We all know that sleep is important, but how many hours of sleep do you really need? This article outlines the recommended amount of sleep you need, how to get better sleep and covers a few sleep myths that you might have heard.
Between caffeine and blue light, it seems as though everything we come into contact with has the potential to keep our mind stimulated, awake, and on-the-go. It’s safe to say that we can all relate to scrambling to meet the demands of a busy schedule and we’ve all had nights where we just can’t seem to fall asleep no matter how hard we try. But even minimal sleep loss can take a heavy toll on your mood, energy, mental focus and ability to handle stressful situations. It can really wreak havoc on your mental and physical health, and that’s why it’s important to learn more about how to sleep better.
Recommended Hours of Sleep
Although the optimal amount of sleep varies from person to person, many studies from all over the world have universally agreed that the majority of people need approximately eight hours of sleep (or seven to nine hours to be precise).
Below, we’ve mapped out a chart that outlines the recommended hours of sleep by each age group.
Although there is no such thing as a one-size fits all approach to sleep, most people still need approximately eight hours of sleep. This is because many studies over the years have all come to the same conclusion that seven to nine hours is the appropriate amount for healthy young adults and adults with normal sleep. The only difference is that the amount can vary throughout different stages of our lives.
- Newborns require 14-17 hours
- Infants require 12-15 hours
- Toddlers require 11-14 hours
- Preschoolers require 10-13 hours
- School age children require 9-11 hours
- Teenagers require 8-10 hours
- Adults require 7-9 hours
- Elders require 7-8 hours
For children, getting the optimal amount of sleep on a regular basis as outlined by their age group, has been linked with better mental and physical health, attention, behavior, learning, ability to control emotions, and overall well being.
For adults, getting any less than seven hours of sleep on a regular basis has been linked to poor health. It can lead to weight gain, diabetes, high blood pressure, strokes, depression and many underlying health problems and sleep disorders.
Additional Factors Related to Sleep
In addition to age, there are other factors that can affect how many hours of sleep a person needs. Some examples of these factors include:
- Sleep quality. If you find that your sleep is constantly being interrupted, you’re definitely not getting enough sleep, let alone quality sleep. It’s just as important as the quantity.
- Sleep deprivation. If you’re feeling sleep deprived, then the hours of sleep you require will need to be increased as well to make up for the lack of sleep that you’re getting.
- Aging. Studies show that older adults need about the same amount of sleep as younger adults. But as you get older, your sleep patterns and natural melatonin production might change. In fact, many older adults tend to take longer to get to sleep, sleep for shorter periods of time and wake up much more easily.
- Pregnancy and hormonal levels. Changes in hormone levels can result in poor sleep, as well as any sort of physical discomforts.
The Importance of Sleep
Sleep is truly important because it can directly affect your mental and physical health throughout the day. It impacts your productivity, emotional balance, immune function and heart health. So if you’re wondering how to get better sleep, it’s best to do your research and start changing your daily habits and routine now.
Sleep isn’t just a time when your body shuts off. When you’re resting, your brain stays busy by preparing you for the next day. It does so by restoring many biological activities that require maintenance and recovery that typically happens when you fall asleep. Without enough hours of restorative sleep, you won’t be able to work, learn, and communicate effectively, and you might even be more prone to mental and physical breakdowns. But before you start to worry, the good news is that you don’t necessarily need to make a choice between health and productivity. By taking care of your health, and addressing sleep issues, your ability to be productive will naturally be much more effective.

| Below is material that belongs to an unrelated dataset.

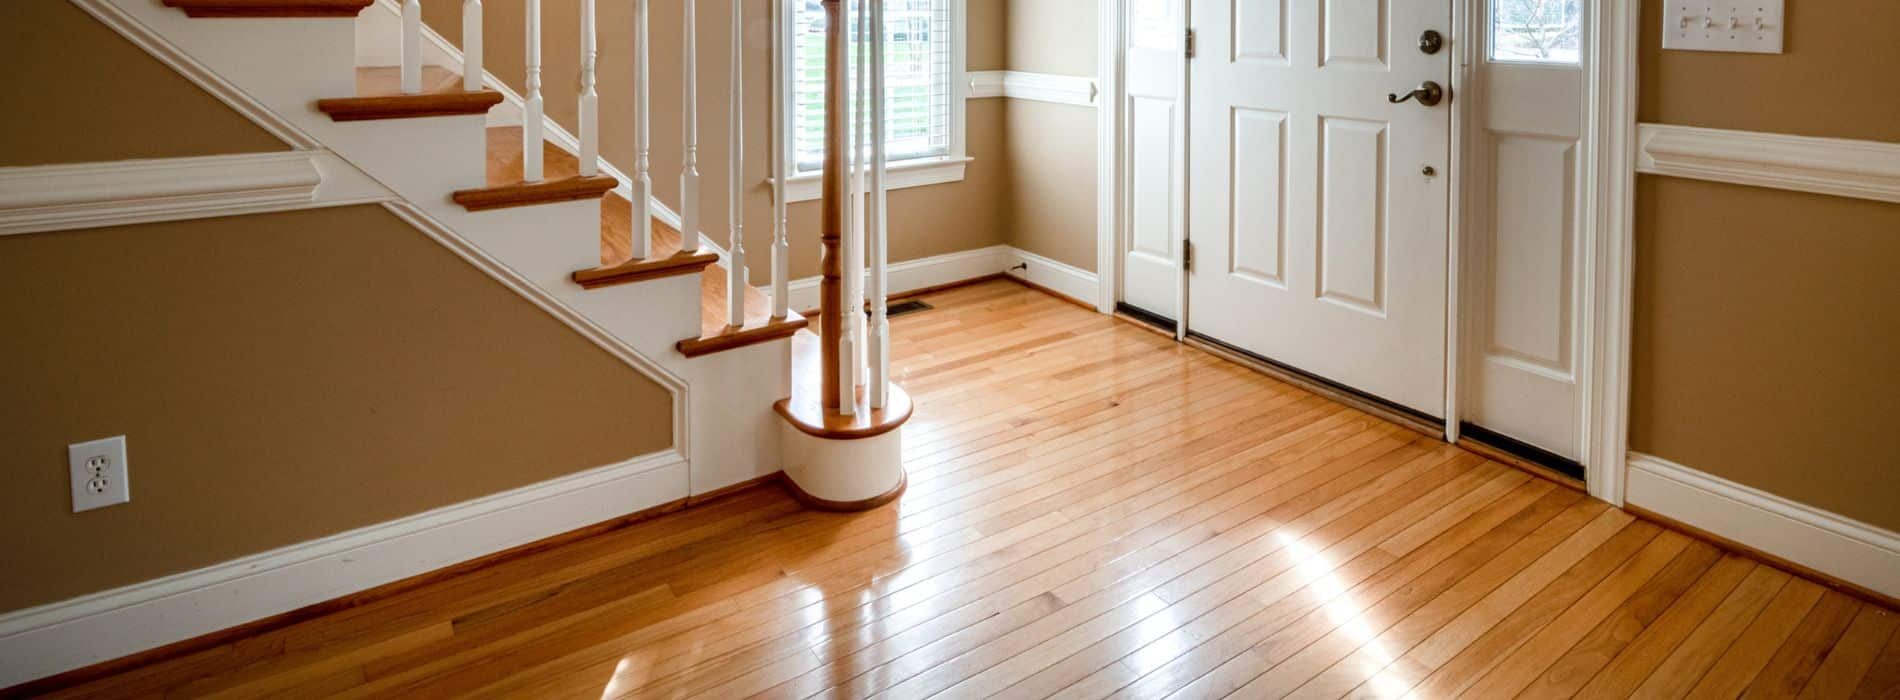 A gleaming wooden floor is within reach, as a powerful polishing machine glides effortlessly across its surface, leaving behind a smooth, polished finish that shines with brilliance.

Myths and Facts about Sleep
Myth: Your body can easily adjust to different sleep schedules.
Fact: Although most people can reset their biological clock, it can sometimes take more than a week to adjust after traveling across different time zones, or switching to night shifts at work.
Myth: Getting one hour less of sleep will not affect your daytime functioning.

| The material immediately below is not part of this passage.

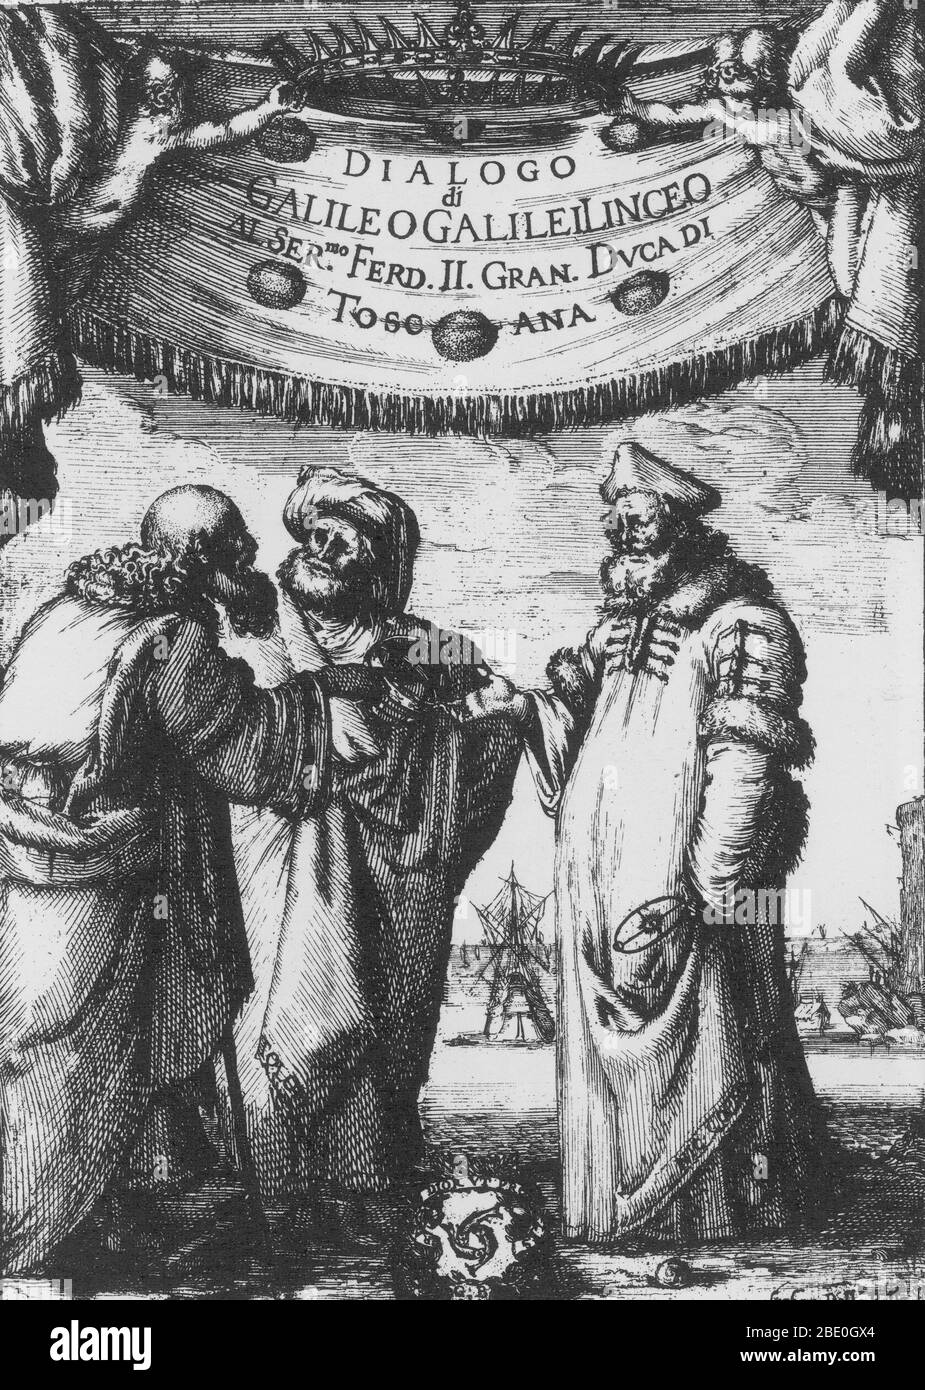 Aristotle, Ptolemy and Copernicus.  Frontispiece etched by Sefano della Bella from Galileo Galilei's Dialogo...sopra i due massimi sistemi del mondo  (Dialogue Concerning the Two Chief World Systems), published in Florence by Giovannie Batista Landini, 1632.  Aristotle (384 BC - 322 BC) was a Greek philosopher known as the founder of logic.  He had a geocentric view of the heavens that consisted of 55 concentric and crystalline spheres.  Ptolemy (c. 85 - 165 AD) was an Egyptian astronomer who devised the Ptolematic system, which held that the Earth was at the center of the universe, with the p Stock Photo

Fact: You may not be noticeably sleepy throughout the day, but losing even one hour of sleep can affect your ability to think properly and respond quickly. It also compromises your energy and overall health.
Myth: Extra sleep at night can cure excessive daytime fatigue.
Fact: Even though the quantity of sleep is important, it’s the quality of sleep that really determines whether you are well rested or not. Many people can sleep well over eight hours a night and can still feel fatigued and not well rested because the quality of sleep is poor.
Myth: You can make up for lost sleep by sleeping more on the weekends.
Fact: This type of sleep pattern can relieve some of your sleep debt, but it won’t completely make up for the lack of sleep symptoms that you will experience. In fact, sleeping later on weekends can also actually affect your sleep cycle and make it harder for you to fall asleep on Sunday nights before having to wake up early on Mondays.